NOTES TO UNAUDITED CONSOLIDATED FINANCIAL STATEMENTS
10. Senior Unsecured Notes and Secured Debt
     We have $2,135,422,000 of senior unsecured notes with annual stated interest rates ranging from 3.00% to 8.00%. The carrying amounts of the senior unsecured notes represent the par value of $2,164,930,000 adjusted for any unamortized premiums or discounts and other basis adjustments related to hedging the debt with derivative instruments. See Note 11 for further discussion regarding derivative instruments.
     During the three months ended December 31, 2006, we issued $345,000,000 of 4.75% senior unsecured convertible notes due December 2026, generating net proceeds of $337,517,000. The notes are convertible, in certain circumstances, into cash and, if applicable, shares of common stock at an initial conversion rate of 20.8833 shares per $1,000 principal amount of notes, which represents an initial conversion price of approximately $47.89 per share.

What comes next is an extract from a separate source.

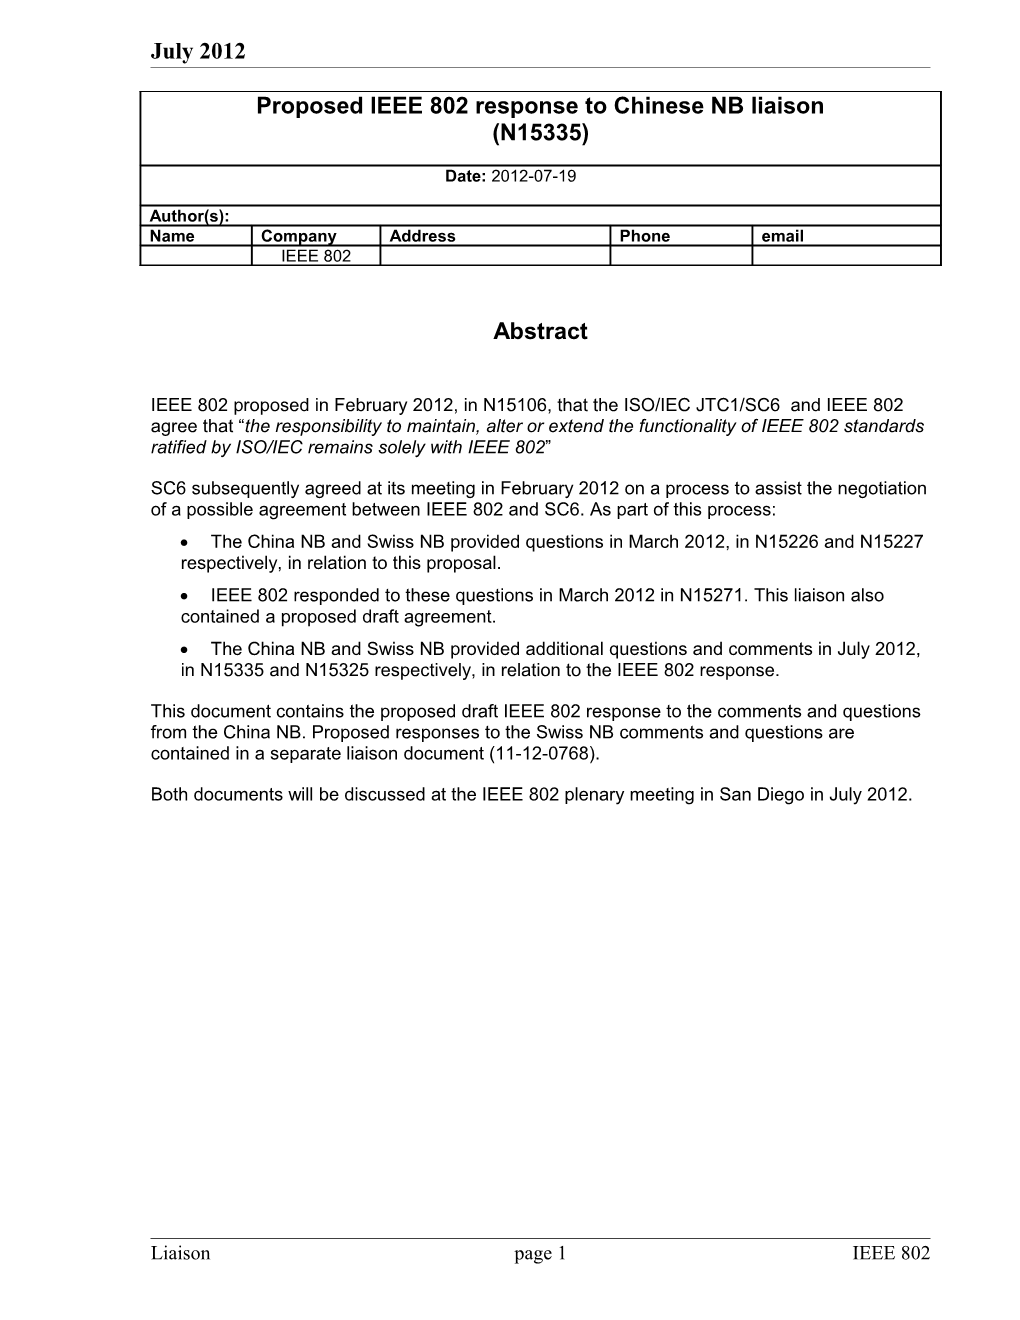 IEEE 802 Proposed in February 2012, in N15106, That the ISO/IEC JTC1/SC6 and IEEE 802 Agree

In general, upon conversion, the holder of each note would receive, in respect of the conversion value of such note, cash up to the principal amount of such note and common stock for the note’s conversion value in excess of such principal amount. In addition, on each of December 1, 2011, December 1, 2016 and December 1, 2021, holders may require us to purchase all or a portion of their notes at a purchase price in cash equal to 100% of the principal amount of the notes to be purchased, plus any accrued and unpaid interest. During the three months ended March 31, 2009, we extinguished $5,000,000 of these notes and recognized a gain of $446,000. During the six months ended June 30, 2010, we extinguished $214,412,000 of these notes, recognized a loss of $8,837,000 and paid $18,552,000 to reacquire the equity component of convertible debt. As of June 30, 2010, we had $125,588,000 of these notes outstanding.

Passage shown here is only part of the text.